Siegen. .
Psychodelische Stimmgeräusche, zuerst im Countertenor-Bereich, dann hinuntergleitend zum tiefen Bariton. Einen ungewöhnlicheren Auftakt zu einer Lesung haben selbst routinierte Theaterbesucher noch nie gehört. Plötzlich ein markerschütternder Schrei. Norman Bates tritt auf. Das Kopfkino kann beginnen.
Bekannter Mord der Filmgeschichte
Alfred Hitchcocks Meisterwerk „Psycho“ hat, seit der Film 1960 uraufgeführt wurde, noch jeden Cineasten gefesselt. Vor allem durch den Hauptdarsteller Anthony Perkins, der dem Psychopaten Norman Bates und seinem Doppelleben mehr als Fleisch und Blut gibt. Bates hat vor Jahren seine Mutter getötet. Die hing in krankhafter Liebe an ihrem Sohn, sah in jeder jungen Frau eine Rivalin, die es auszuschalten galt. Doch in Wirklichkeit hat sie ihn sein Leben lang bevormundet und gedemütigt: „Du bist ein Muttersöhnchen und Hosenscheißer – und impotent!“
Doch nun sitzt Mutter mumifiziert im Obstkeller. Von Zeit zu Zeit zieht Bates ihre Kleider an, spricht mit ihrer Stimme und handelt in ihrem Sinne: Indem er mordet. Seine Opfer sind junge Frauen, die sich zu seinem abgelegenen Motel verirren und von denen er weiß, dass sie dort keiner vermutet.
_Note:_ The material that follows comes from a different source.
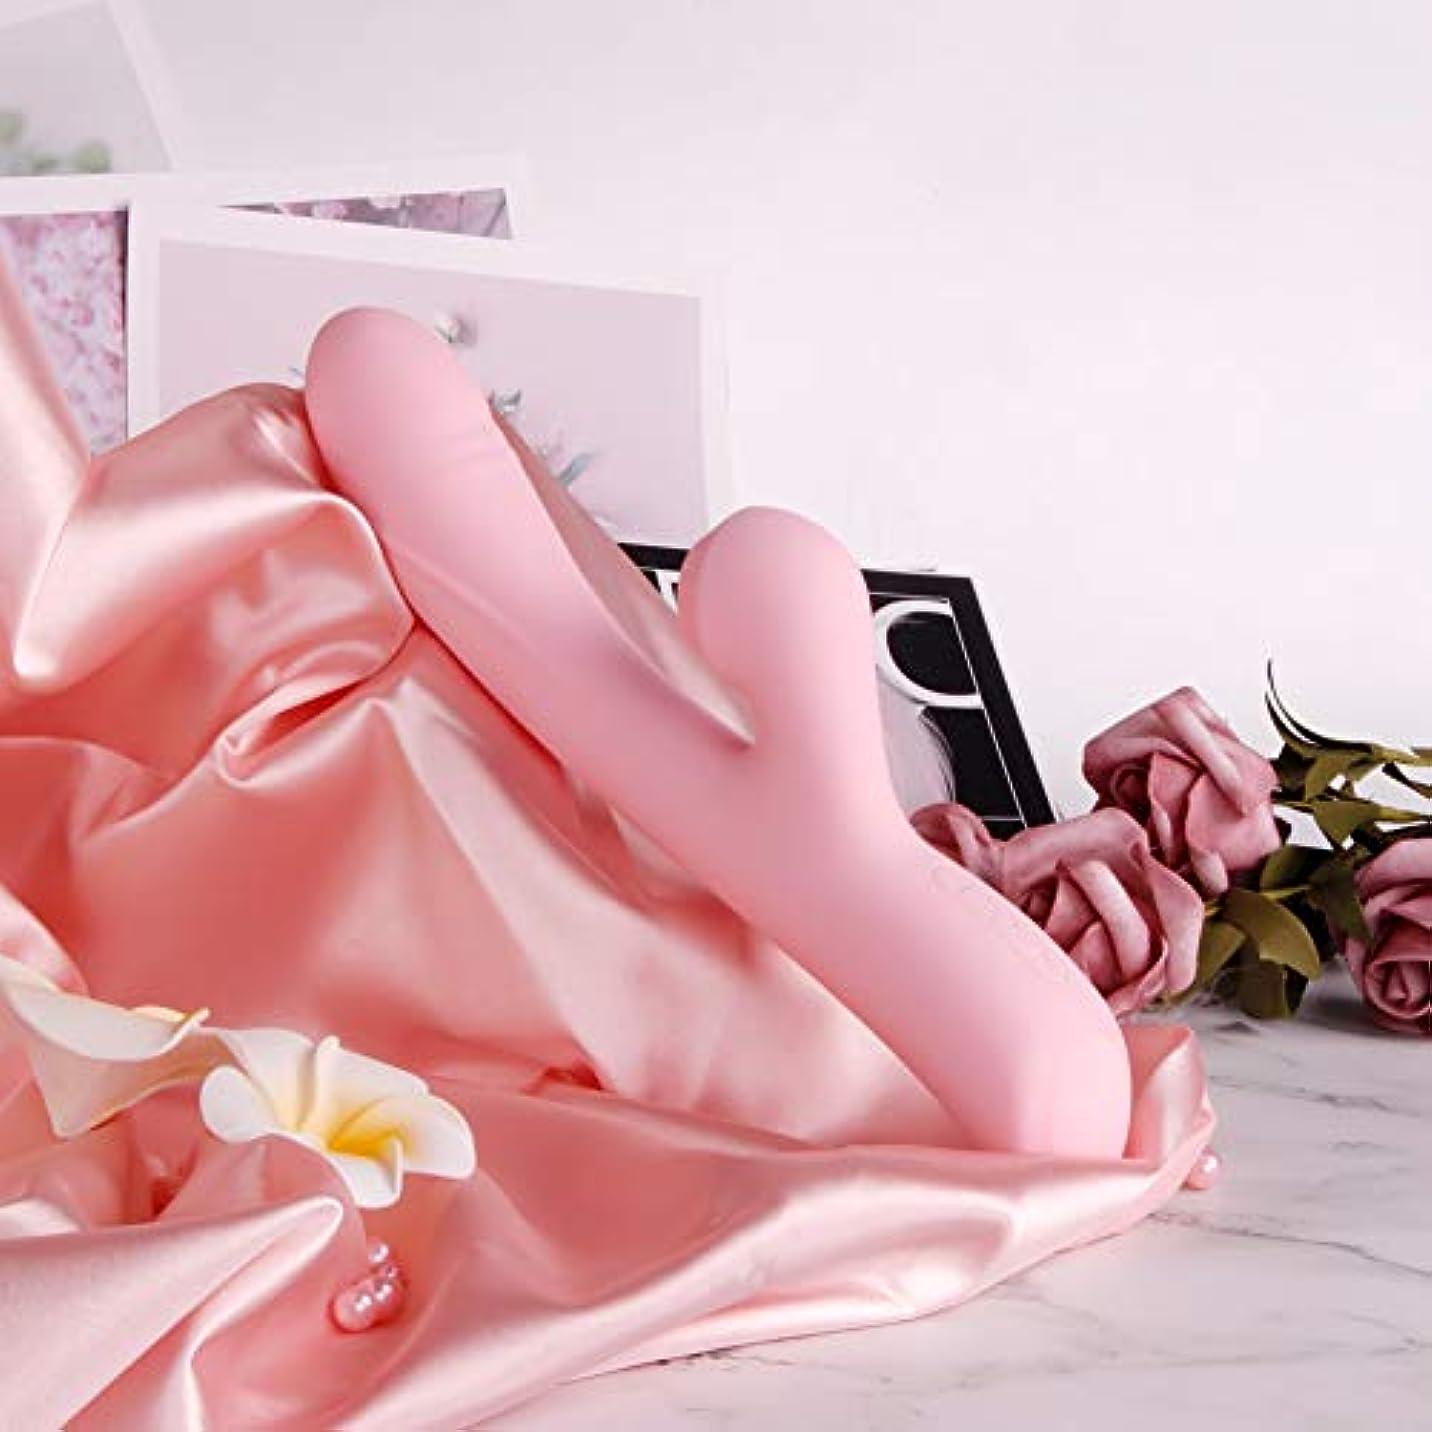 苦い雇う露骨な脚 マッサージ バイブレーターUSB充電式 AVマジック ワンドバイブレーター マッサージャー 大人のおもちゃ女性用 10スピード電動マッサージ器 42度加熱 自由に曲げられる (ピンク色)

Sein letztes Opfer ist Mary. Sie nimmt ein Zimmer für sieben Dollar die Nacht. Sicherlich nicht ihr Traum und statt Badewanne eine Dusche mit Plastikvorhang. Doch sie hat keine Wahl, sie ist auf der Flucht. Mary durchschaut Bates und seine tiefen Mutter- und Schuldkomplexe. Und das ist ihr Todesurteil. Das Badezimmer wird Schauplatz eines der bekanntesten Morde der Filmgeschichte. Am Ende entlarvt sich Bates selbst. Er gibt sein Doppelleben auf und wird ein wimmerndes Häuflein Elend, das den Rest seines Lebens eingesperrt verbringt. Ein Alptraum, 1960 in den Kinosälen, 2015 im Apollo-Theater, ist zu Ende.
Erschreckend realistisch
Es sind also große Spuren, in die Matthias Brandt mit der Lesung des Romans von Robert Bloch tritt, der dem Film zur Vorlage wurde. Doch Brandt, einer der profiliertesten Charaktere des deutschen Films, Fernsehens und Theaters, zeigt von der ersten Sekunde an, dass er diese Aufgabe mit Bravour meistert. Er versucht gar nicht erst, Anthony Perkins und dessen melancholisch-irren Blick zu kopieren. Er interpretiert den Text und spielt Bates, so wie er ihn sieht, manchmal auch mit augenzwinkernder ironischer Distanz. Selten ist Psychopathie auf der Bühne so erschreckend realistisch und verstörend dargestellt worden wie von Matthias Brandt und seinem kongenialen Pianisten und Stimmkünstler Jens Thomas.
Selbst, als gefühlt drei Minuten auf der Bühne nichts passiert (die Akteure schlafen wie Bates, der von seiner Mutter träumt), ist atemlose Stille im Saal, die durch einen erschreckenden Schrei und atonale Tonkaskaden des Flügels jäh zerrissen wird.
Stehende Ovationen belohnen zwei Künstler und ihre außergewöhnliche Leistung. Und die bedanken sich mit einer Zugabe, ebenso passend wie megaschräg anmoderiert: „Im Obstkeller von Norman Bates befand sich neben seiner Mutter außerdem ein Musikarchiv, dessen sich ACDC bedient hat.“ Daher die passende Zugabe: Der Rockklassiker „Highway to Hell“ als morbide Psycho-Ballade.